Explain the Cambrian explosion using the Darwinian theory of evolution. I know we aren't going to agree, but I want to hear your take on it.
I can't argue against a position you haven't articulated.
You say the Cambrian explosion completely invalidates Darwin, but... what?? how?? I can't even imagine why you would think such a thing in the first place.
Get your head out of the books and experience the real world.
Accidents as magnificent as creation to not occur in a vacuum. Every aspect of life follows rules, many of them shared. All the hallmarks of intelligent design are there.
When we’re smart enough, we’ll find God’s autograph on his creation.

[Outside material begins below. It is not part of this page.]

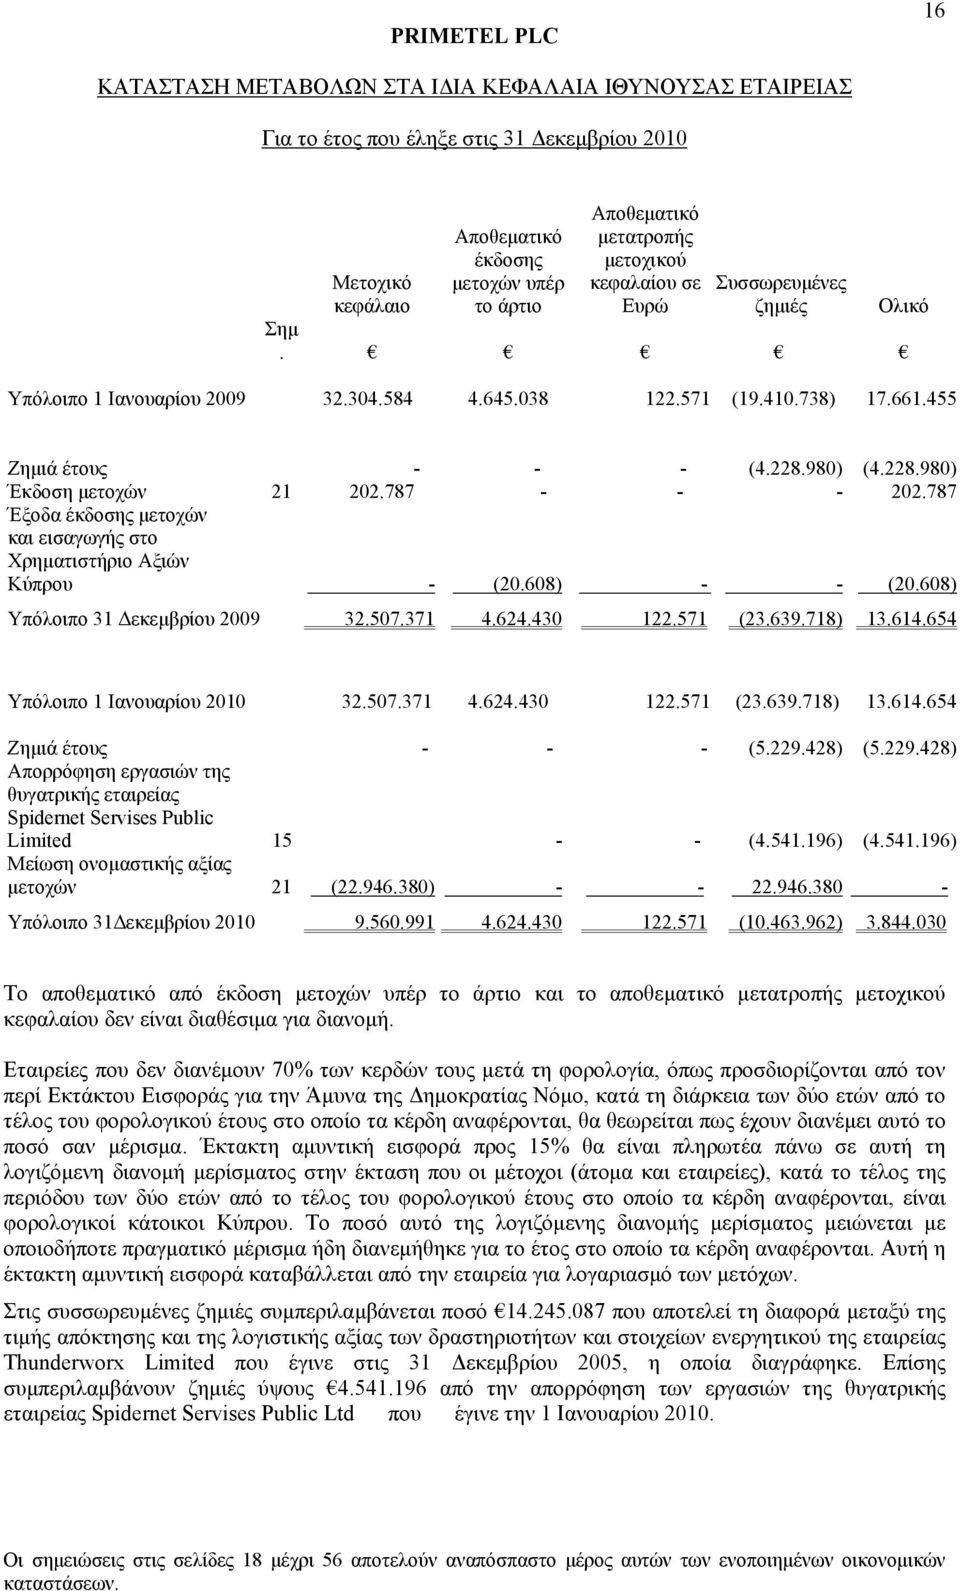 787 Έξοδα έκδοσης μετοχών και εισαγωγής στο Χρηματιστήριο Αξιών Κύπρου - (20.608) - - (20.608) Υπόλοιπο 31 Δεκεμβρίου 2009 32.507.371 4.624.430 122.571 (23.639.718) 13.614.

And it's called natural selection.
When his children can not conceive it, he says that he created light, and then the firmament to separate the waters, and when they are ready they recognize it as the suns igniting and processing hydrogen and helium into the larger elements necessary for life, before exploding and recoalescing into planets of water, separated by the cosmos inbetween, or from our perspective, what's up there, the firmament.
Some asshole said evolution proved god didn't exist, and because you knew god existed, that must mean evolution is wrong. But you've missed the point entirely. The premise that evolution refutes god was as absurd an argument as heliocentrism was an argument against god. The atheist was wrong not because he believed evolution, but because he was grasping at anything to prove his point but you somehow allowed evolution to belong to him rather to you.
Once you realize that, you can better admire god's work.
I have no problem believing in natural selection and evolution, and I have no problem accepting that a higher power may have been involved in the process. But accepting a higher power's hand in creating the universe does not automatically lead to a belief in the same God that wiped out the entire human race (except Noah and family) or advocated the murder of innocent women and children in the slaughter of the Canaanites, to mention just one example.
Stories that get in the way of belief are not reason not to believe - reason to question and to think and to wonder what the pieces must be in order for it all to fit together sure.
Agreed. Just because its not how we imagine it, doesn't mean there is any less validity in God, or our creator. Often times many things are not as we imagine them to be in reality.